SECTION 4. Remedies.
(a) Subject to the terms of the Intercreditor Agreement, the
Collateral Trust Agreement, and the Letter Agreements, if an Event of Default
shall have occurred and then be continuing, Collateral Trustee may exercise in
respect of the Collateral, in addition to all other rights and remedies
provided for herein or otherwise available to it, all the rights and remedies
of a secured party on default under the Uniform Commercial Code as in effect
in any relevant jurisdiction (the "Code") (whether or not the Code applies to
the affected Collateral). Notwithstanding anything herein to the contrary, the
Collateral Trustee shall not be obligated to take any legal or other action
hereunder which might in its judgment involve or cause it to incur any expense
or liability unless it shall have been furnished with acceptable
indemnification.
(b) Anything contained herein or in the Guaranty, the
Collateral Trust Agreement or the Intercreditor Agreement to the contrary
notwithstanding, Grantors, Collateral Trustee, and, by its execution of a
Letter Agreement, each Approved Trade Creditor agrees that no Approved Trade
Creditor shall have any right individually to realize upon any of the
Collateral or to enforce this Agreement or the Guaranty, it being understood
and agreed that all powers, rights and remedies hereunder may be exercised
solely by the Collateral Trustee, on behalf of Approved Trade Creditors, in
accordance with the terms hereof, and subject to the terms of the
Intercreditor Agreement, and all powers, rights and remedies under this
Agreement, the Guaranty and the Intercreditor Agreement may be exercised
solely by the Collateral Trustee.
(c) Nothwithstanding anything to the contrary in this
Agreement or in the Collateral Documents, (i) the Collateral Trustee shall
have no rights, power or authority with respect to the Collateral which are
greater than the rights, power or authority that would have been conferred
upon the Approved Trade Creditors under the Letter Agreements if the Approved
Trade Creditors were directly granted an interest in the Collateral, and (ii)
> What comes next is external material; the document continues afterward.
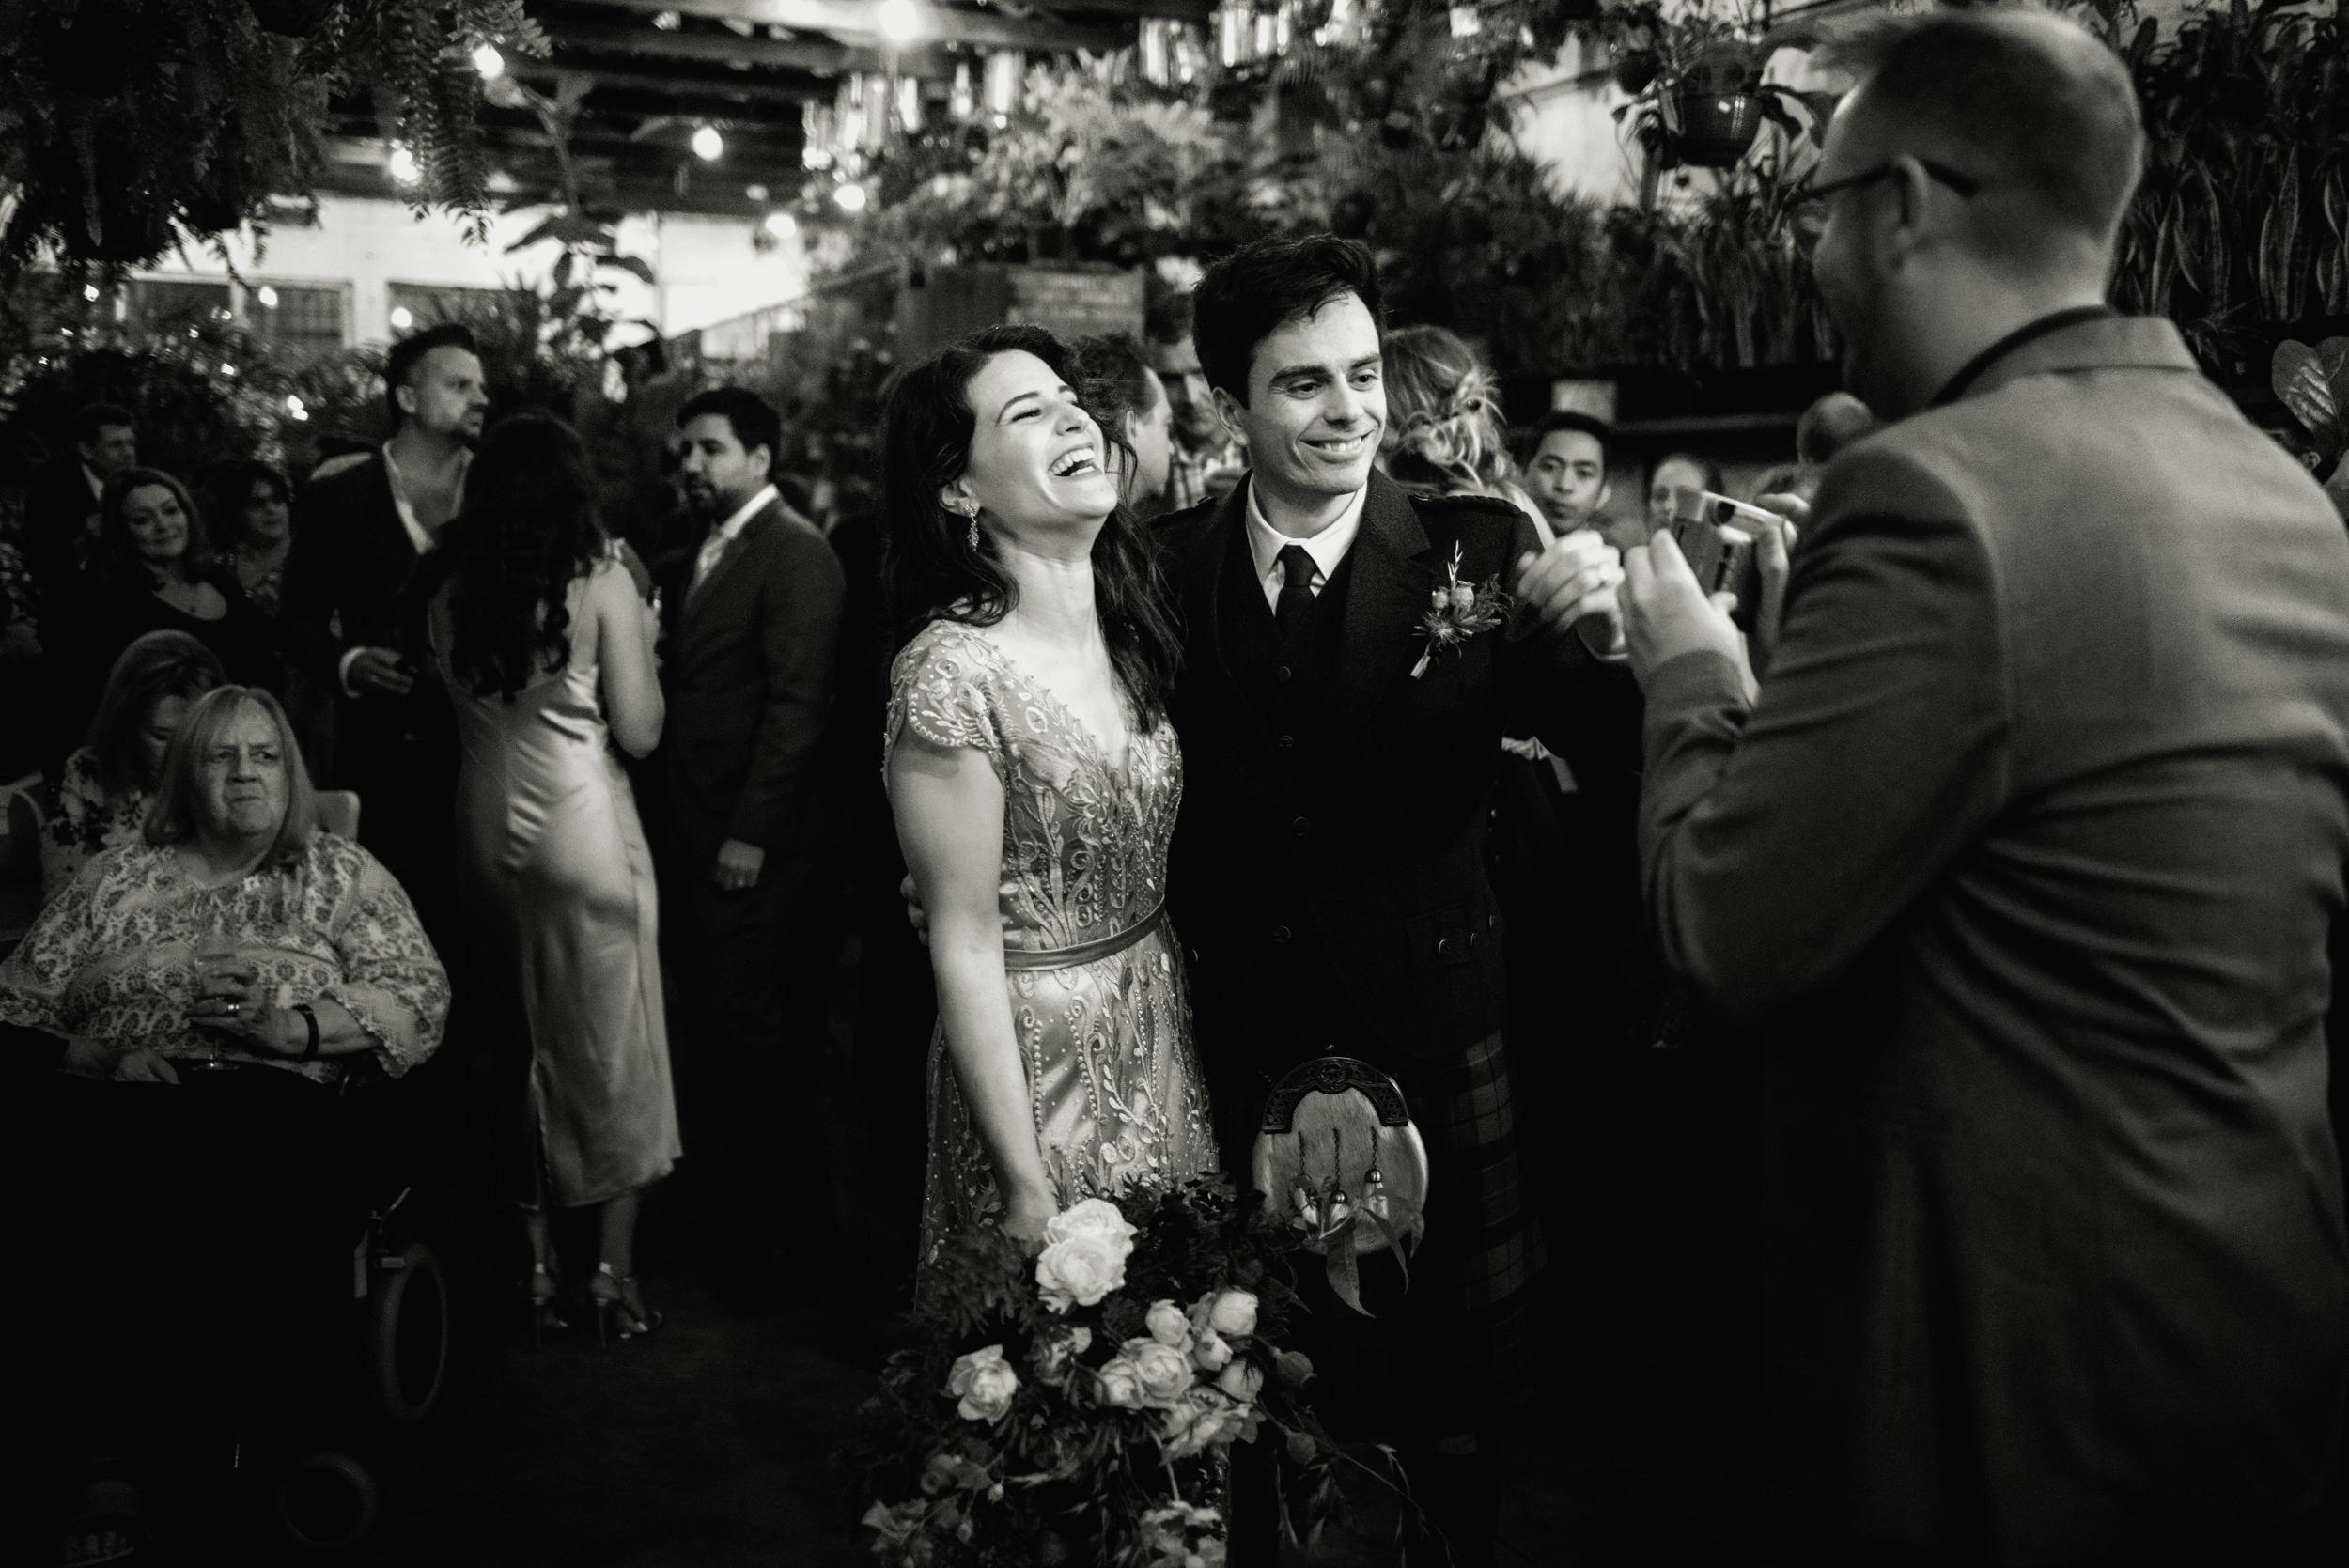 I-Got-You-Babe-&.Co.-Glasshaus-Wedding-Charlotte-Cameron0118.JPG

the Collateral Trustee has only the rights, powers and authority conferred
upon the Collateral Trustee under the terms of the Collateral Trust Agreement.
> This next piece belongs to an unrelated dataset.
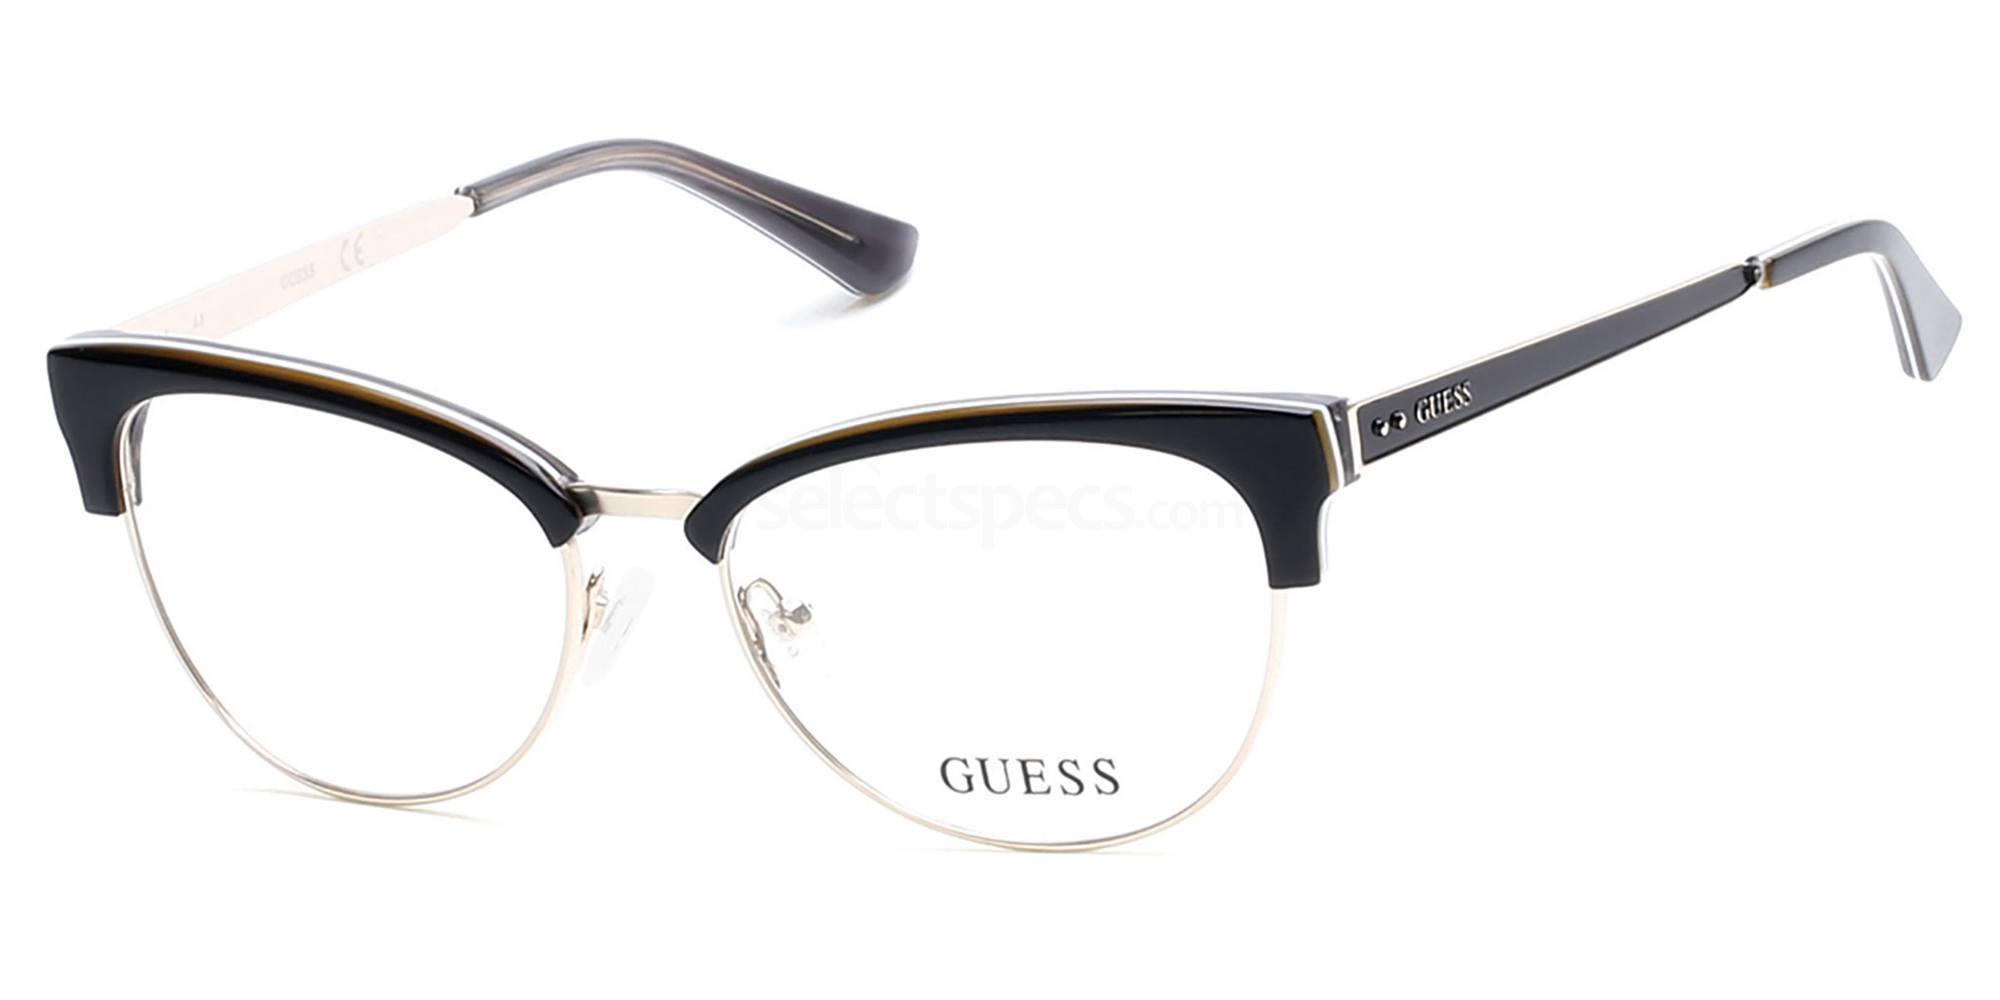 005 GU2552 Glasses, Guess

SECTION 5. Continuing Security Interest; Transfer of Secured
Obligations; Termination.
(a) This Agreement shall create a continuing security
interest in the Collateral and shall (i) subject to clauses (b), (c) and (d)
of this Section 5, remain in full force and effect until the payment in full
of the Secured Obligations, (ii) be binding upon Grantors and their successors
and assigns, and (iii) inure, together with the rights and remedies of
Collateral Trustee hereunder, to the benefit of Collateral Trustee and each
Approved Trade Creditor and their respective successors and permitted
transferees and assigns.
(b) Upon the payment in full of all Secured Obligations
under the Letter Agreements, the security interest granted hereby shall
automatically terminate and all rights to the Collateral shall revert to the
respective Grantors.
(c) The security interest hereunder with respect to the
Secured Obligations to any Approved Trade Creditor shall automatically
terminate, and the Secured Obligations to such Approved Trade Creditor
hereunder shall be limited, in each case as and to the extent provided in the
Letter Agreement with respect to such Approved Trade Creditor.
(d) The security interest granted hereby shall automatically
terminate with respect to any Collateral that is conveyed, sold or otherwise
transferred or disposed of in accordance with the terms of the Senior Credit
Agreement, the Senior Security Agreements or the Intercreditor Agreement, and
all rights to such Collateral shall revert to the respective Grantors.
(e) Upon any such termination Collateral Trustee will, at
Grantors' expense, execute and deliver to Grantors such documents as any
Grantor shall reasonably request to evidence such termination.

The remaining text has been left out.